Маленькая княгиня лежала на подушках, в белом чепчике. (Страдания только что отпустили ее.) Черные волосы прядями вились у ее воспаленных, вспотевших щек; румяный, прелестный ротик с губкой, покрытой черными волосиками, был раскрыт, и она радостно улыбалась. Князь Андрей вошел в комнату и остановился перед ней, у изножья дивана, на котором она лежала. Блестящие глаза, смотревшие детски, испуганно и взволнованно, остановились на нем, не изменяя выражения. «Я вас всех люблю, я никому зла не делала, за что я страдаю? помогите мне», говорило ее выражение. Она видела мужа, но не понимала значения его появления теперь перед нею. Князь Андрей обошел диван и в лоб поцеловал ее.
– Душенька моя, – сказал он: слово, которое никогда не говорил ей. – Бог милостив. – Она вопросительно, детски укоризненно посмотрела на него.

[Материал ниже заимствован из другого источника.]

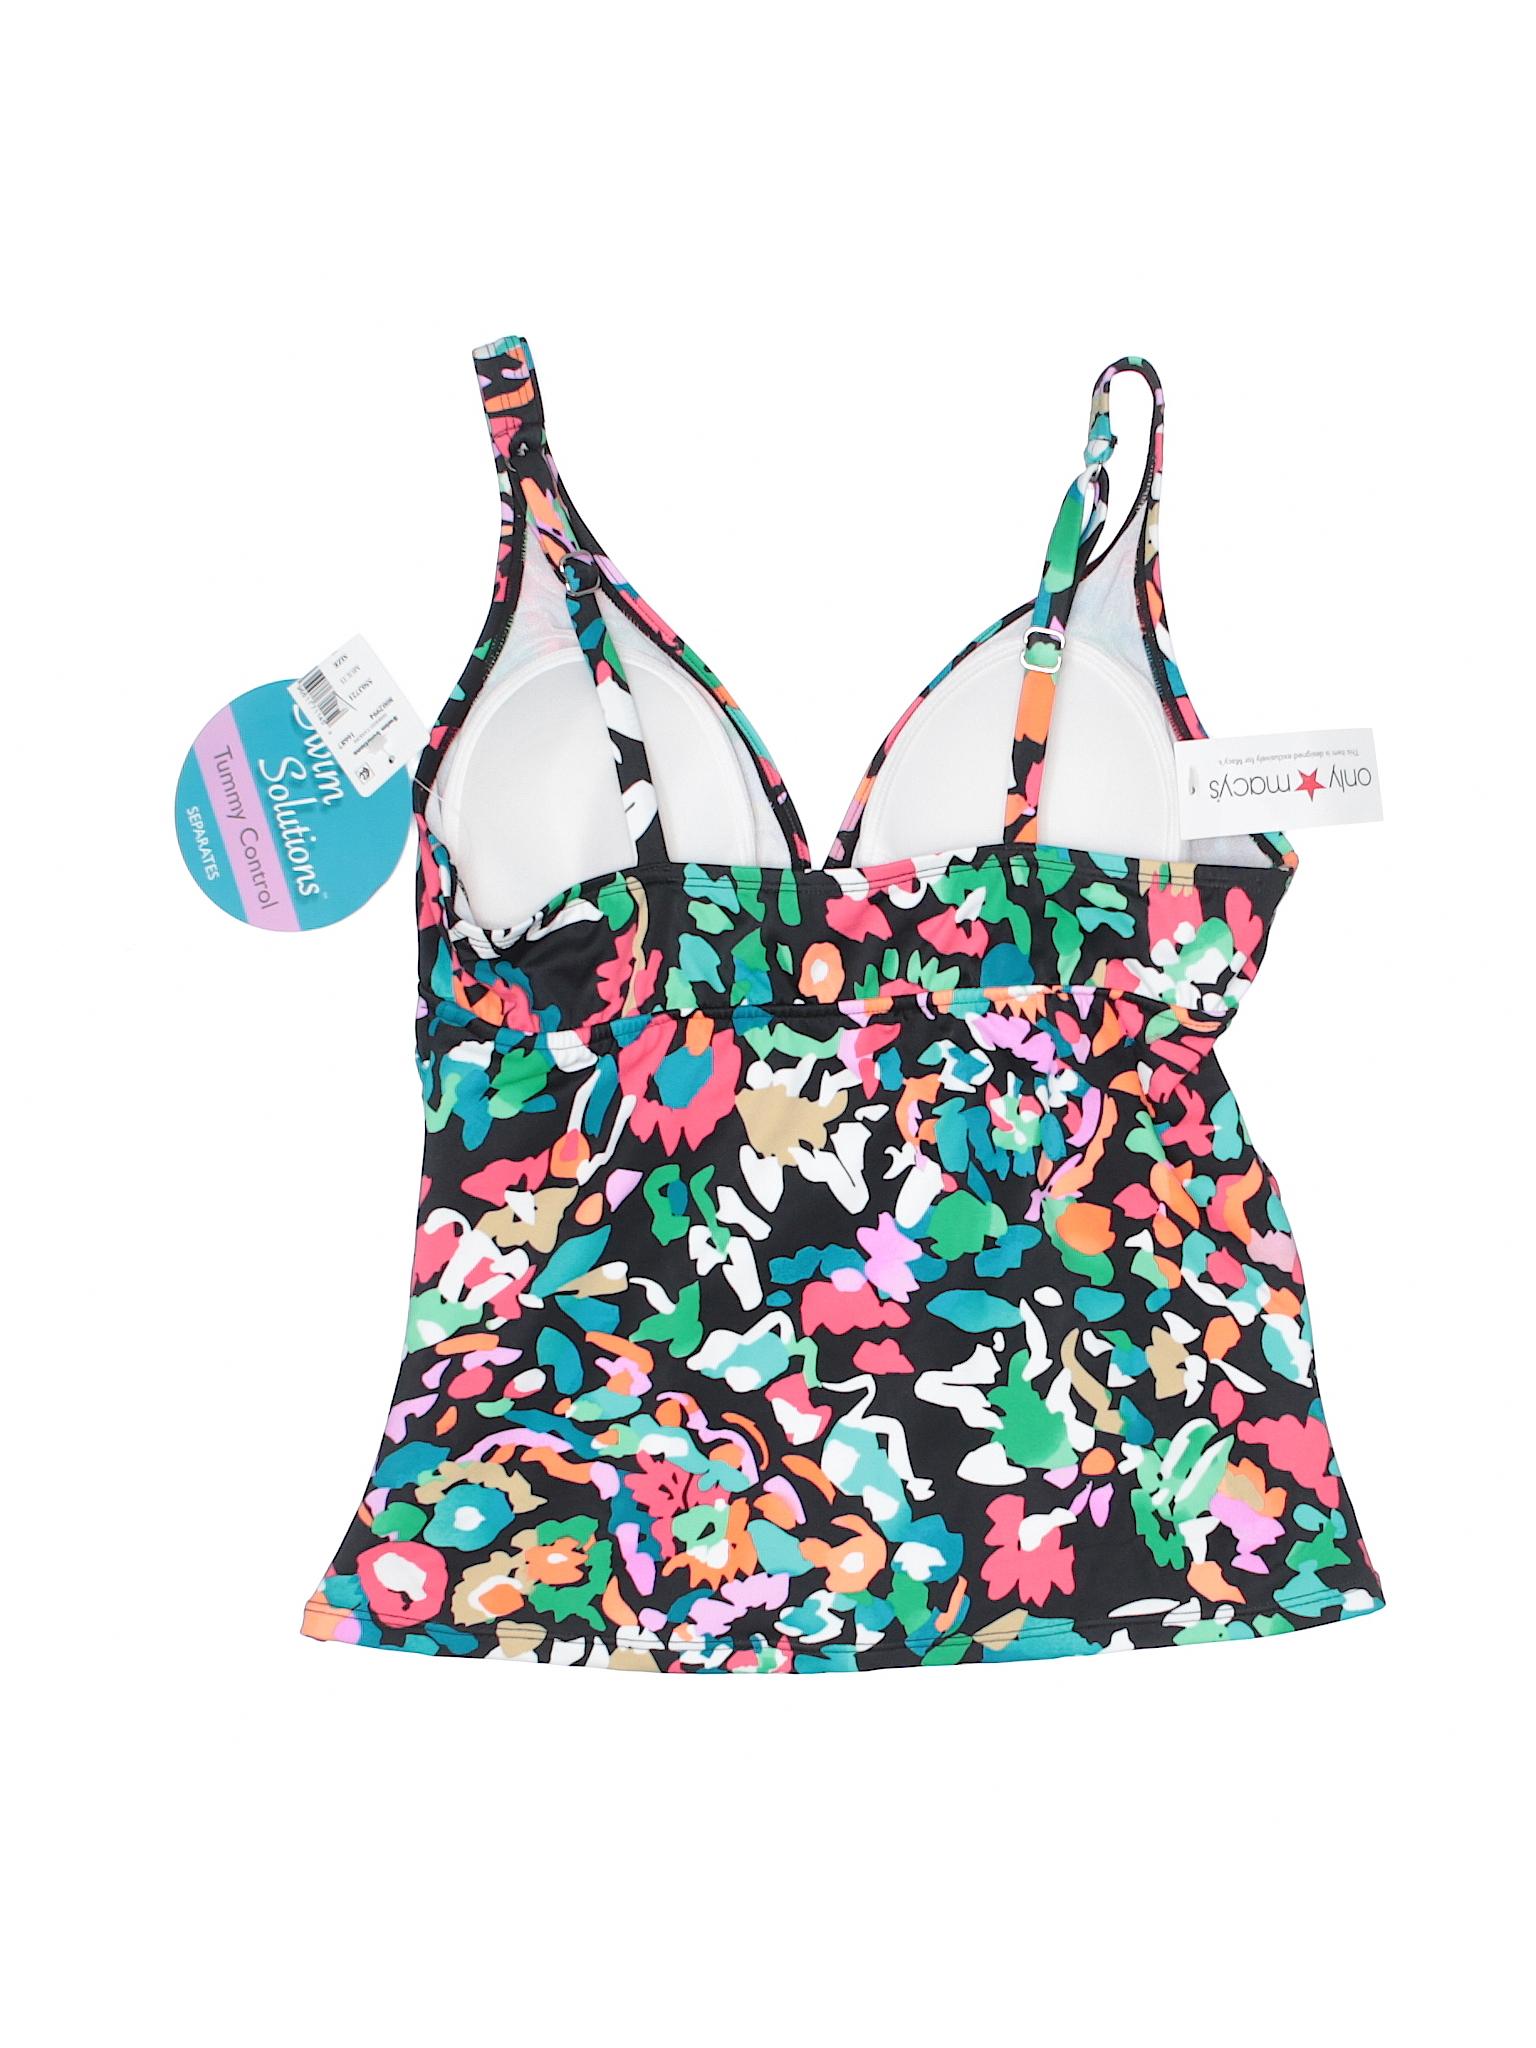 Boutique Top Solutions Swim Boutique Boutique Swim Swimsuit Top Swimsuit Swimsuit Swim Swim Solutions Solutions Boutique Top qt0ZgAw

– Я от тебя ждала помощи, и ничего, ничего, и ты тоже! – сказали ее глаза. Она не удивилась, что он приехал; она не поняла того, что он приехал. Его приезд не имел никакого отношения до ее страданий и облегчения их. Муки вновь начались, и Марья Богдановна посоветовала князю Андрею выйти из комнаты.
Акушер вошел в комнату. Князь Андрей вышел и, встретив княжну Марью, опять подошел к ней. Они шопотом заговорили, но всякую минуту разговор замолкал. Они ждали и прислушивались.

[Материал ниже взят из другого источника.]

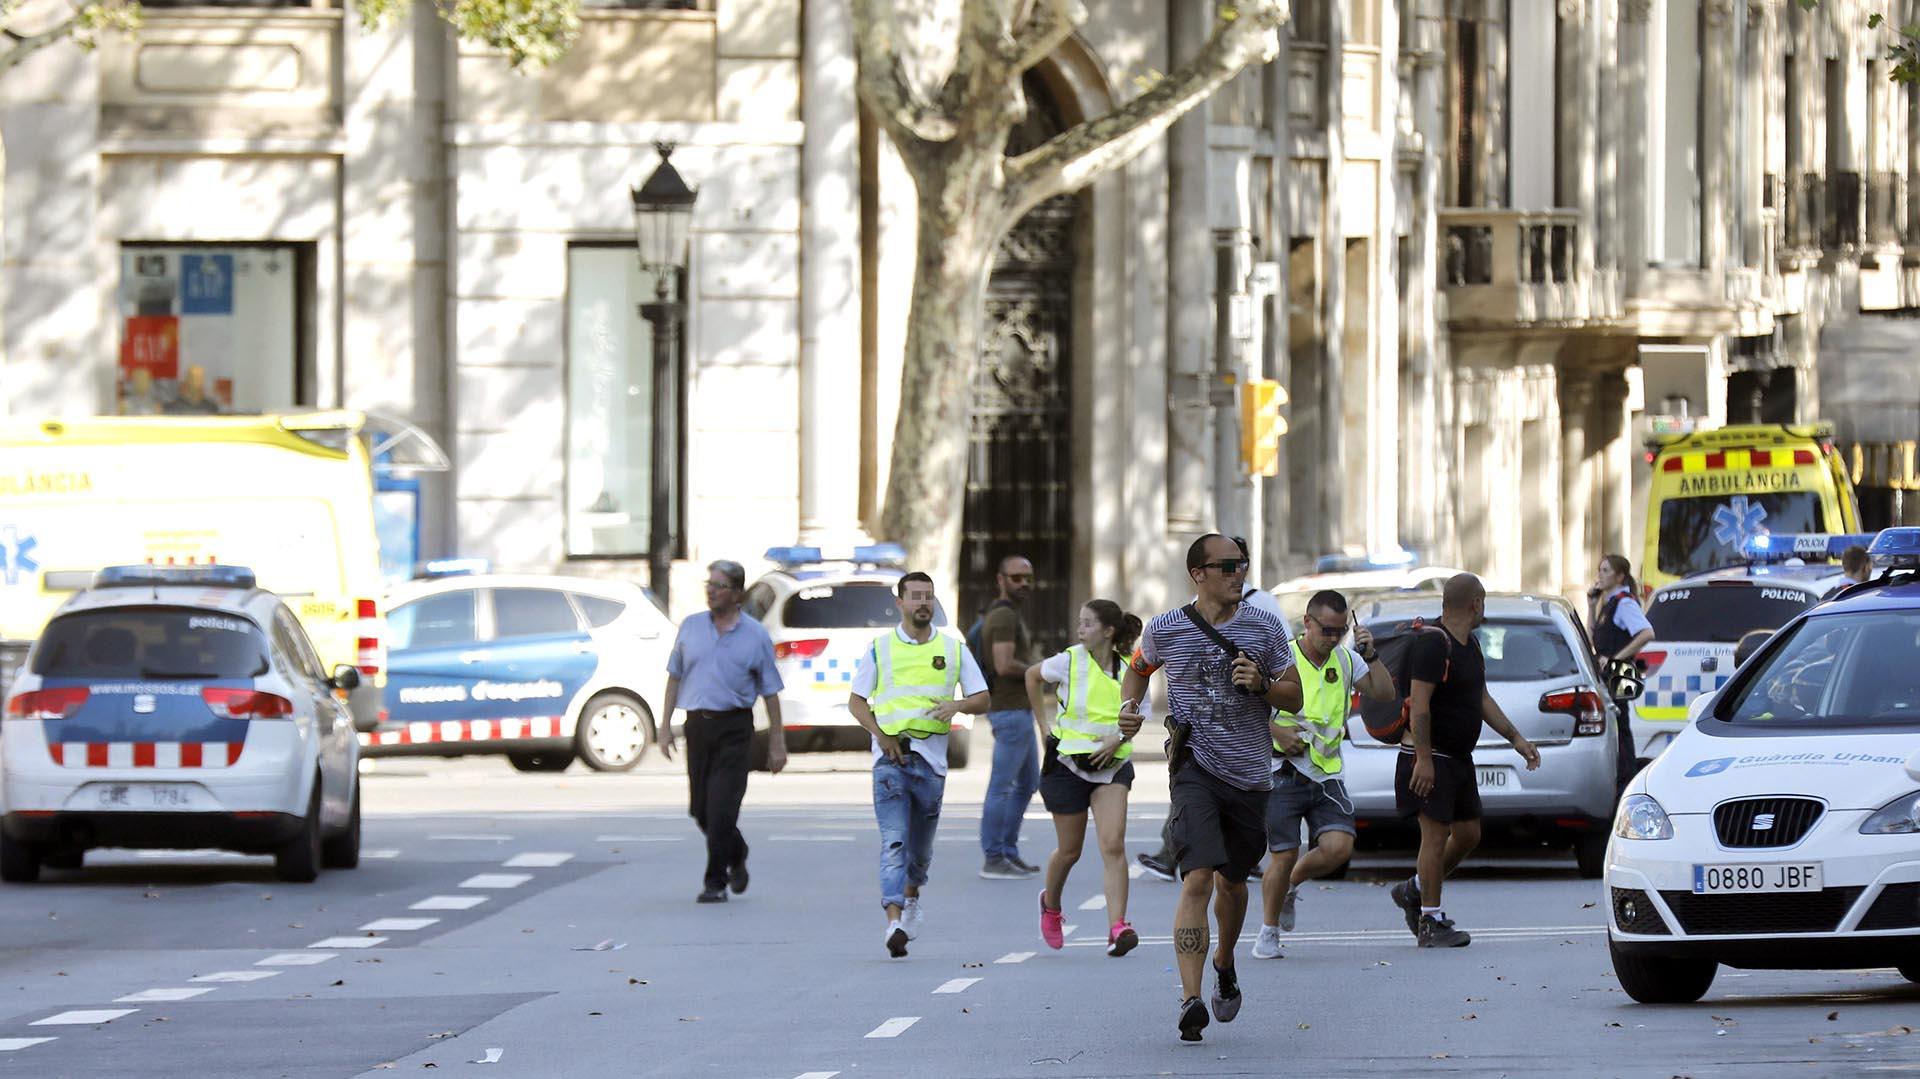 La gente sale corriendo del lugar en el que una furgoneta ha atropellado a varias personas (EFE)

– Allez, mon ami, [Иди, мой друг,] – сказала княжна Марья. Князь Андрей опять пошел к жене, и в соседней комнате сел дожидаясь. Какая то женщина вышла из ее комнаты с испуганным лицом и смутилась, увидав князя Андрея. Он закрыл лицо руками и просидел так несколько минут. Жалкие, беспомощно животные стоны слышались из за двери. Князь Андрей встал, подошел к двери и хотел отворить ее. Дверь держал кто то.

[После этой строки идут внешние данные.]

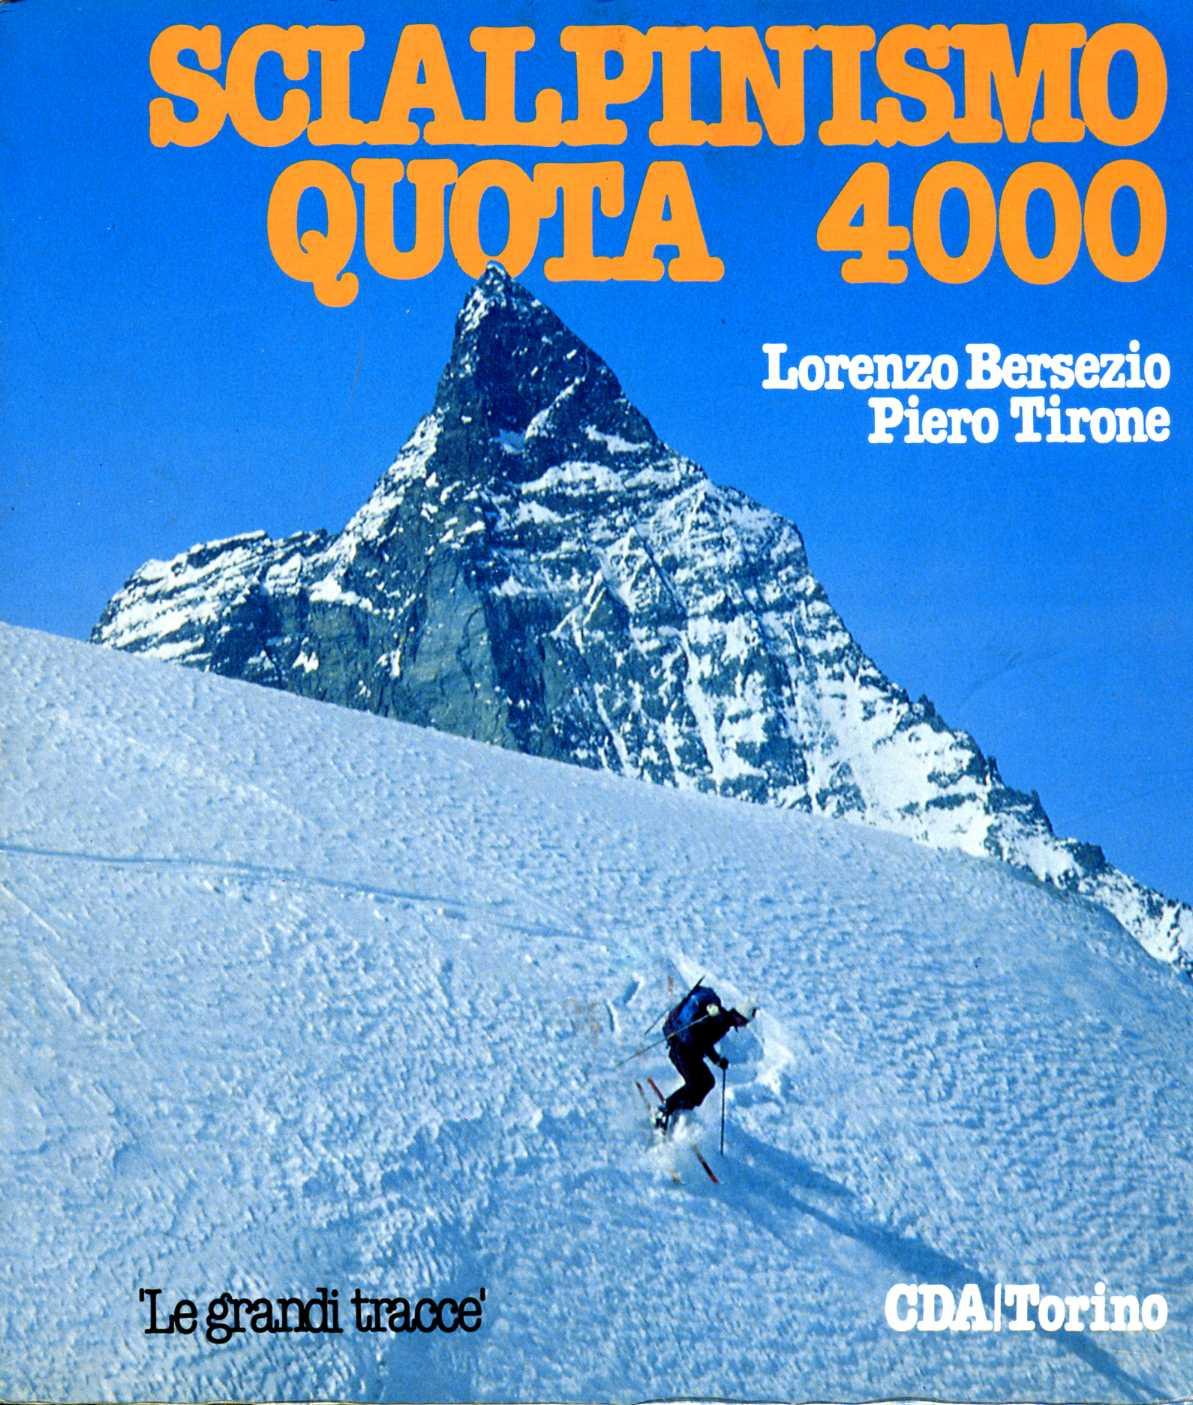 Scialpinismo Quota 4000

– Нельзя, нельзя! – проговорил оттуда испуганный голос. – Он стал ходить по комнате. Крики замолкли, еще прошло несколько секунд. Вдруг страшный крик – не ее крик, она не могла так кричать, – раздался в соседней комнате. Князь Андрей подбежал к двери; крик замолк, послышался крик ребенка.
«Зачем принесли туда ребенка? подумал в первую секунду князь Андрей. Ребенок? Какой?… Зачем там ребенок? Или это родился ребенок?» Когда он вдруг понял всё радостное значение этого крика, слезы задушили его, и он, облокотившись обеими руками на подоконник, всхлипывая, заплакал, как плачут дети. Дверь отворилась. Доктор, с засученными рукавами рубашки, без сюртука, бледный и с трясущейся челюстью, вышел из комнаты. Князь Андрей обратился к нему, но доктор растерянно взглянул на него и, ни слова не сказав, прошел мимо. Женщина выбежала и, увидав князя Андрея, замялась на пороге. Он вошел в комнату жены. Она мертвая лежала в том же положении, в котором он видел ее пять минут тому назад, и то же выражение, несмотря на остановившиеся глаза и на бледность щек, было на этом прелестном, детском личике с губкой, покрытой черными волосиками.
«Я вас всех люблю и никому дурного не делала, и что вы со мной сделали?» говорило ее прелестное, жалкое, мертвое лицо. В углу комнаты хрюкнуло и пискнуло что то маленькое, красное в белых трясущихся руках Марьи Богдановны.

Через два часа после этого князь Андрей тихими шагами вошел в кабинет к отцу. Старик всё уже знал. Он стоял у самой двери, и, как только она отворилась, старик молча старческими, жесткими руками, как тисками, обхватил шею сына и зарыдал как ребенок.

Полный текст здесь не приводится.